§ ENTRIES PROVIDED
BEGIN

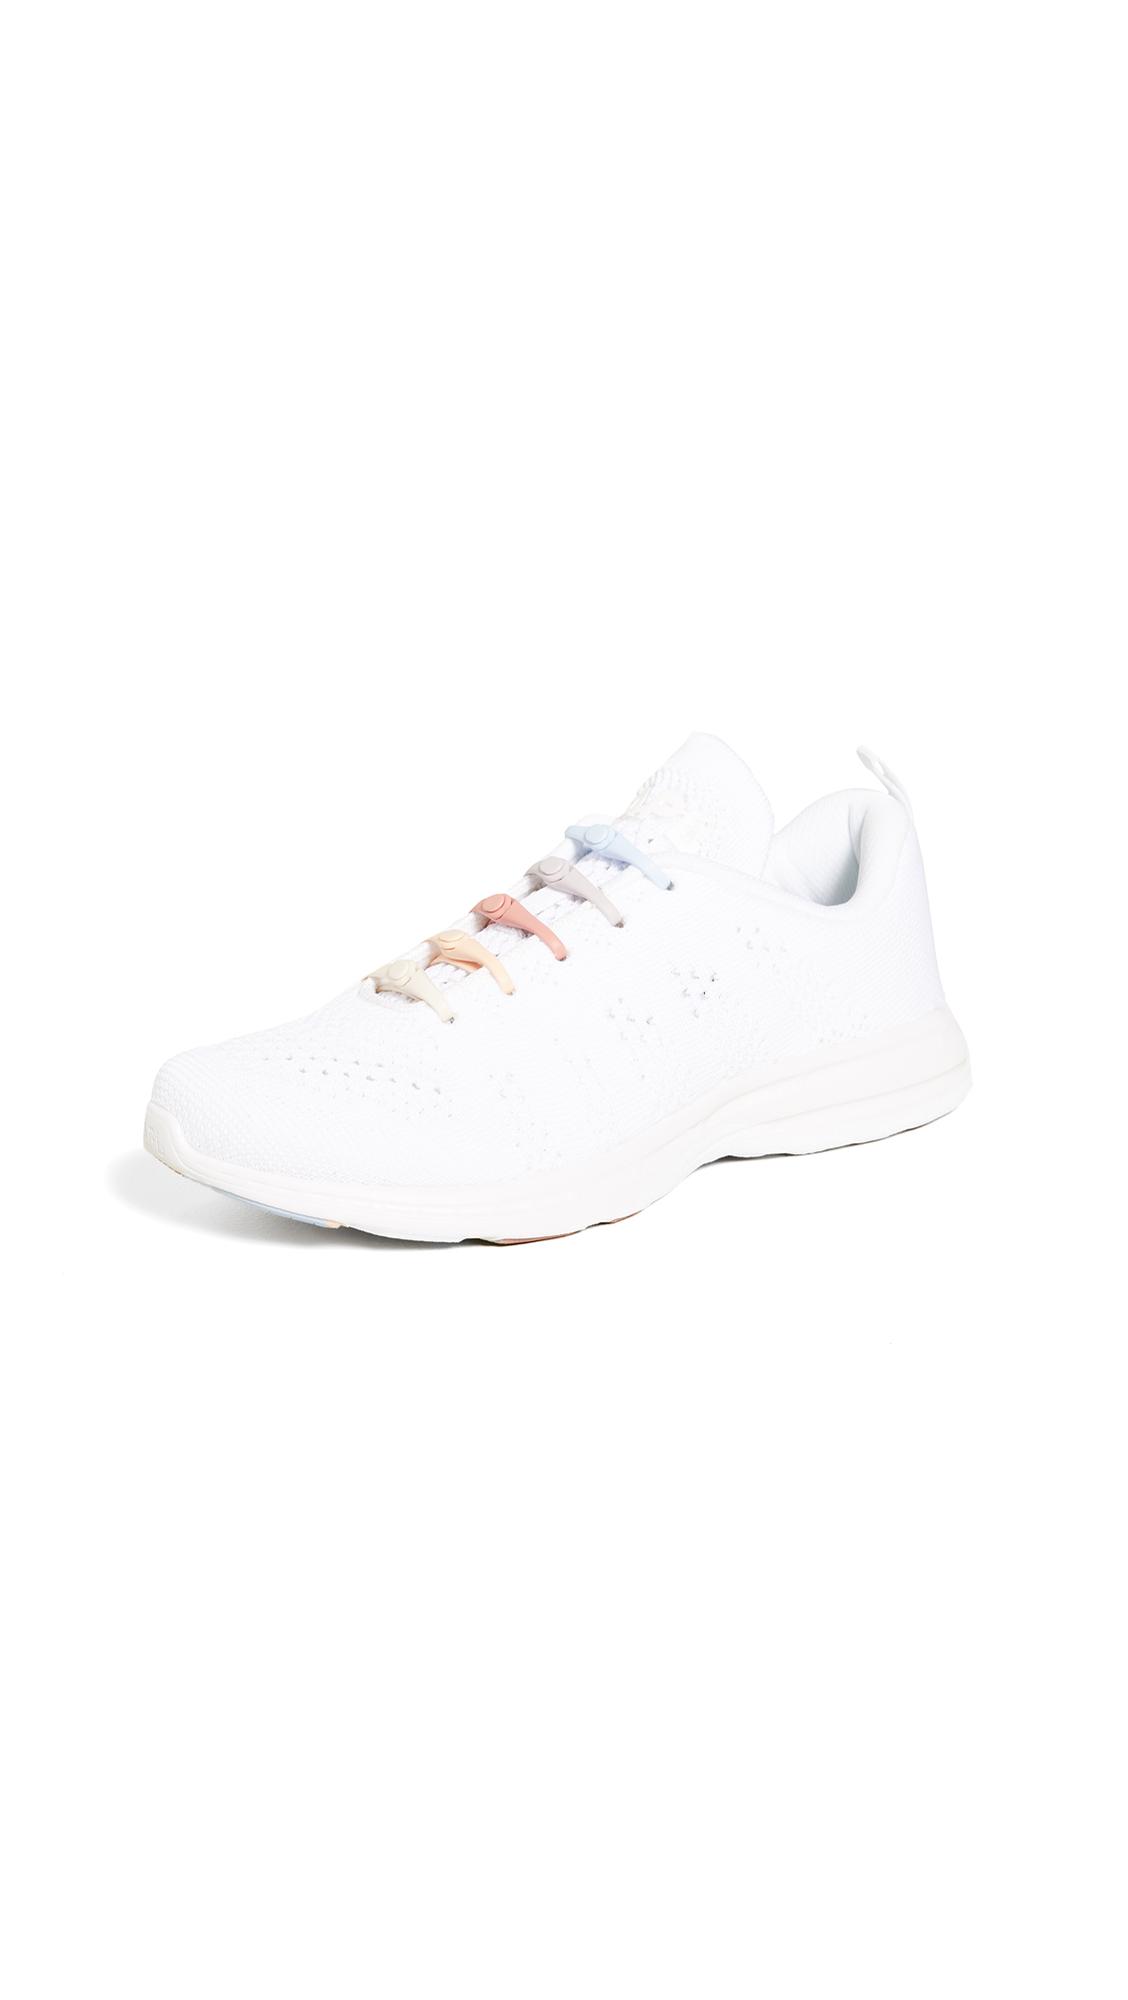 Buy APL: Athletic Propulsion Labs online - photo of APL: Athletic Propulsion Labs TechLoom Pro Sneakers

END
BEGIN

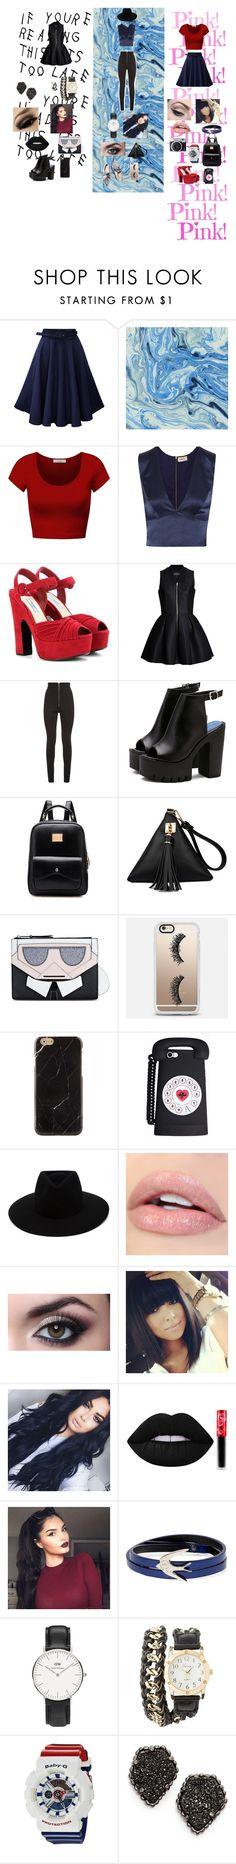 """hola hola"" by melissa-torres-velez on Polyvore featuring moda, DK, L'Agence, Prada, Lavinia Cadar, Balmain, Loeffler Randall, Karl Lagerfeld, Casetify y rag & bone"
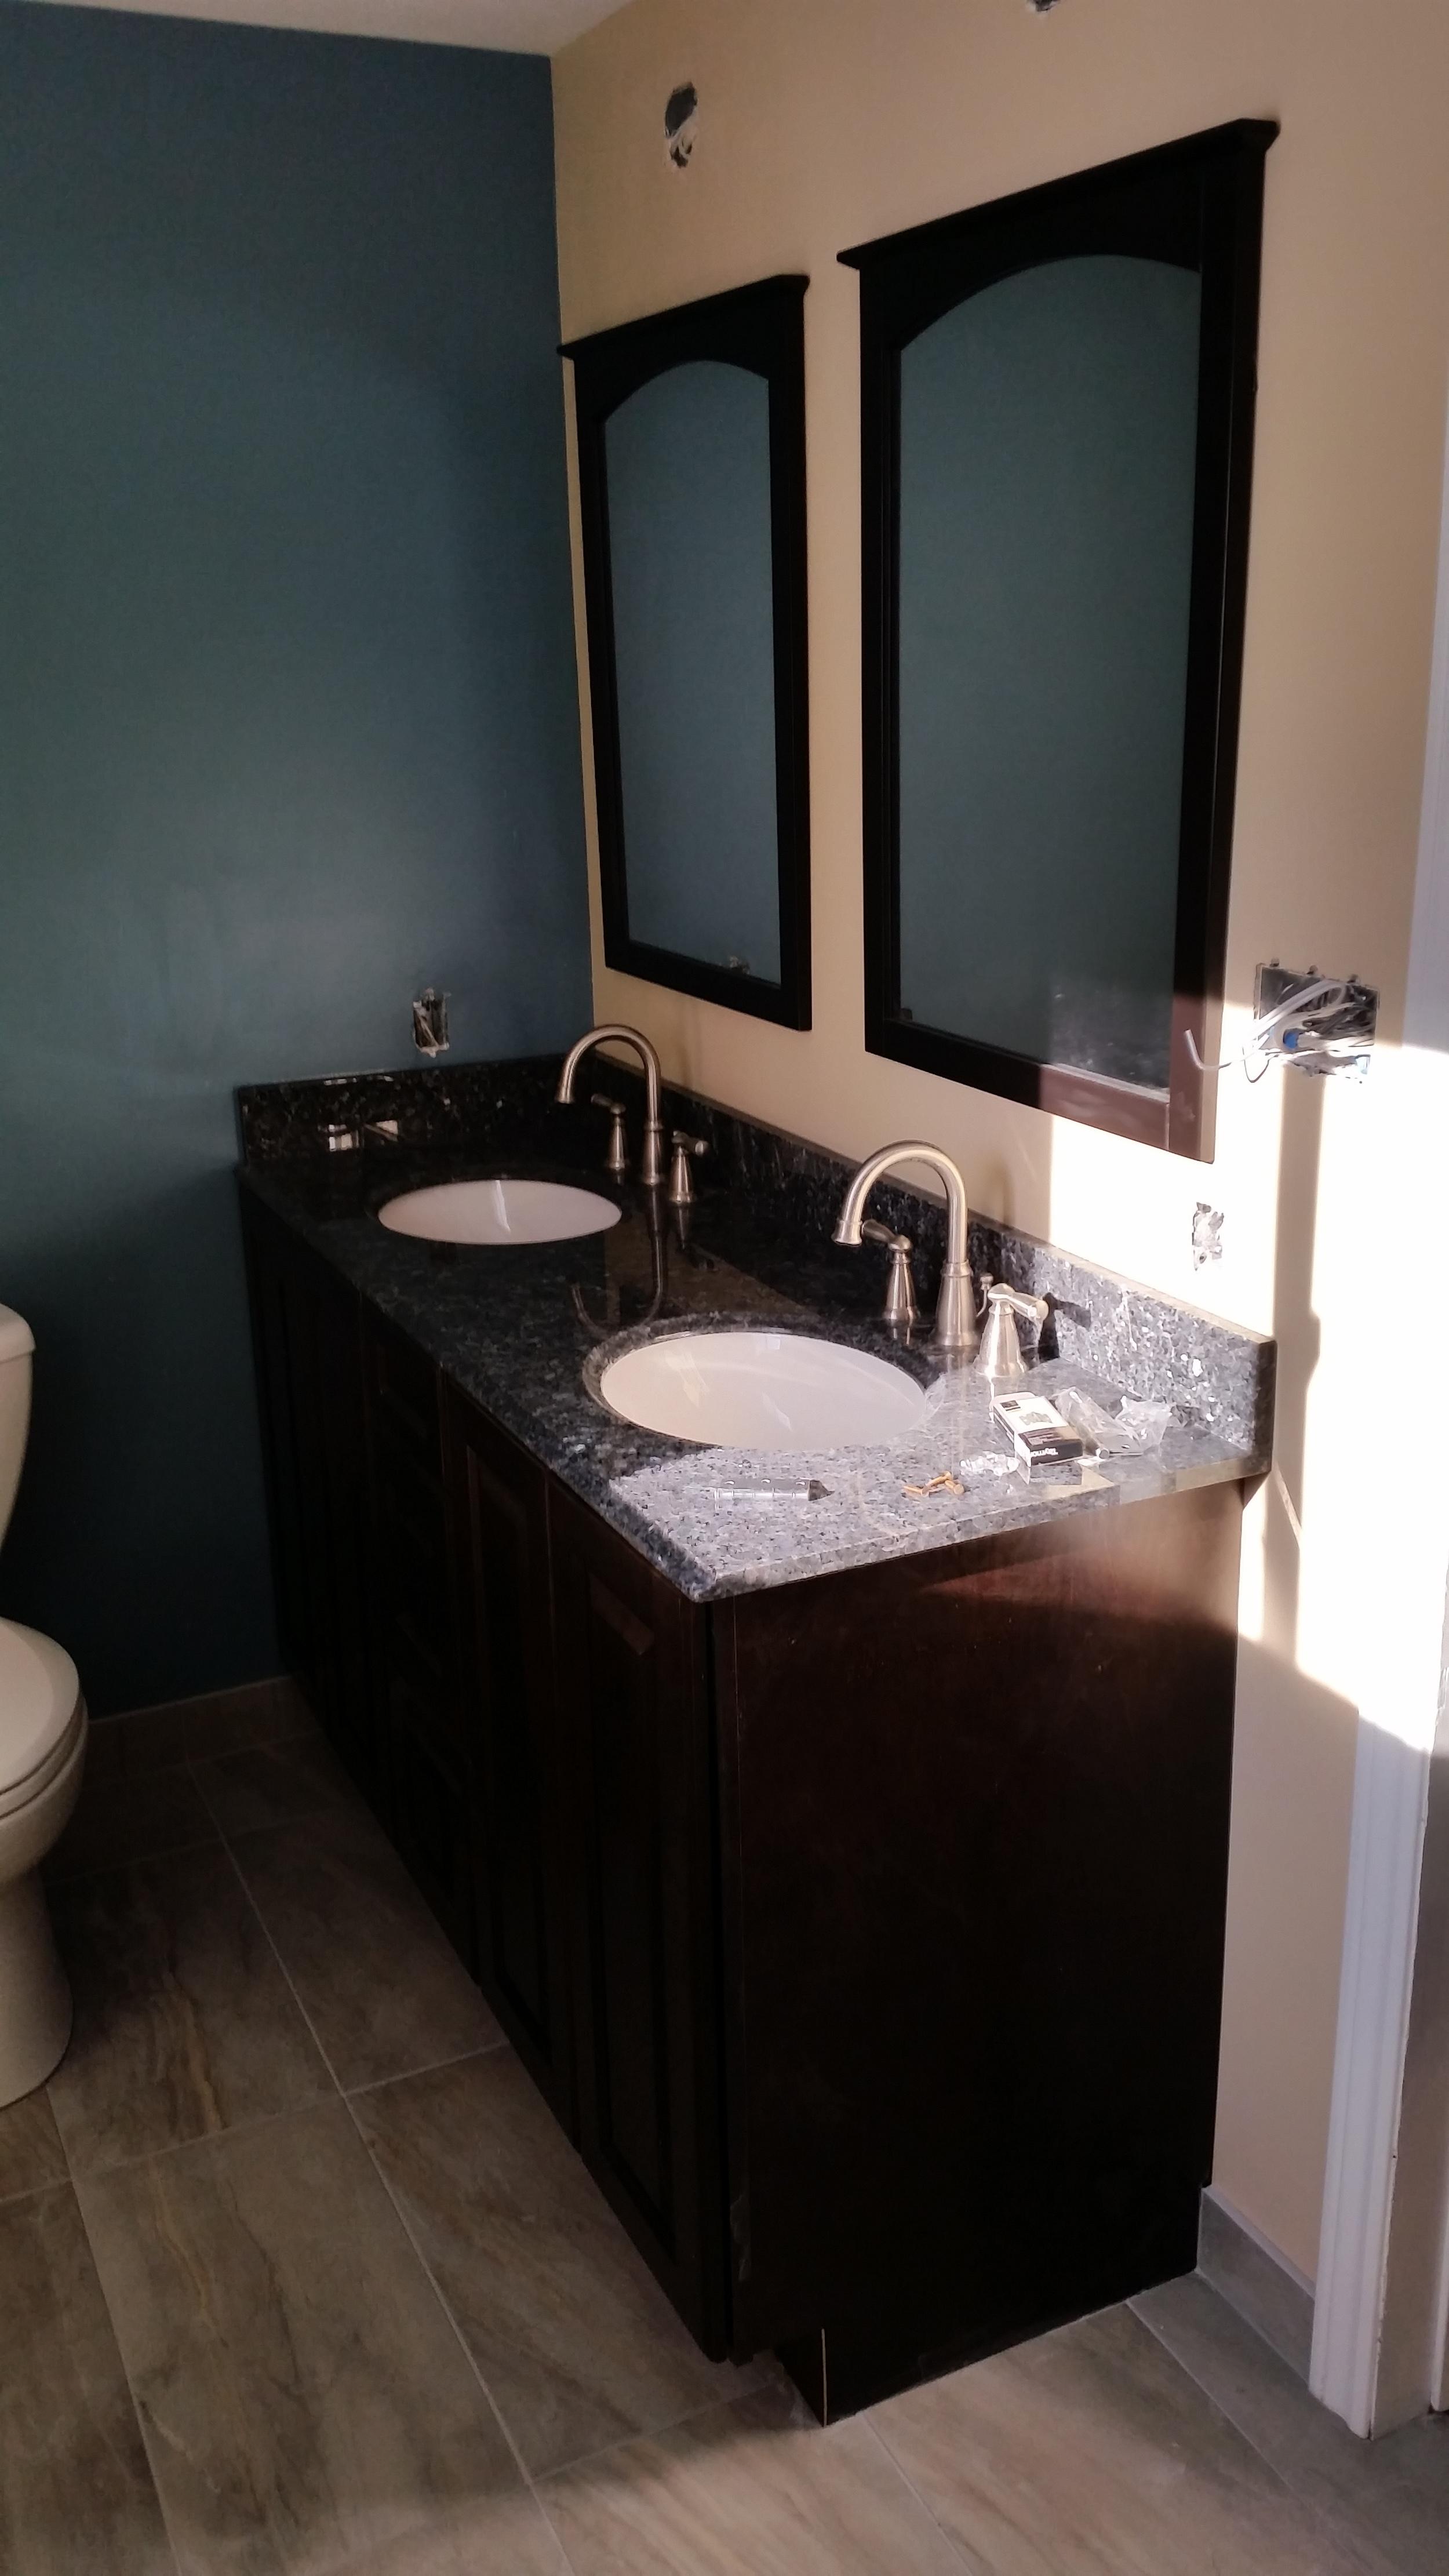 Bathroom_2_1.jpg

END

§ WHAT IS EXPECTED
Pictures in the material above should be skipped; print exactly the lines from the one with "by melissa-torres-velez on" through the one with "Bathroom_2_1.jpg".

§ RESPONSE TO THIS TASK
 """hola hola"" by melissa-torres-velez on Polyvore featuring moda, DK, L'Agence, Prada, Lavinia Cadar, Balmain, Loeffler Randall, Karl Lagerfeld, Casetify y rag & bone"
 Bathroom_2_1.jpg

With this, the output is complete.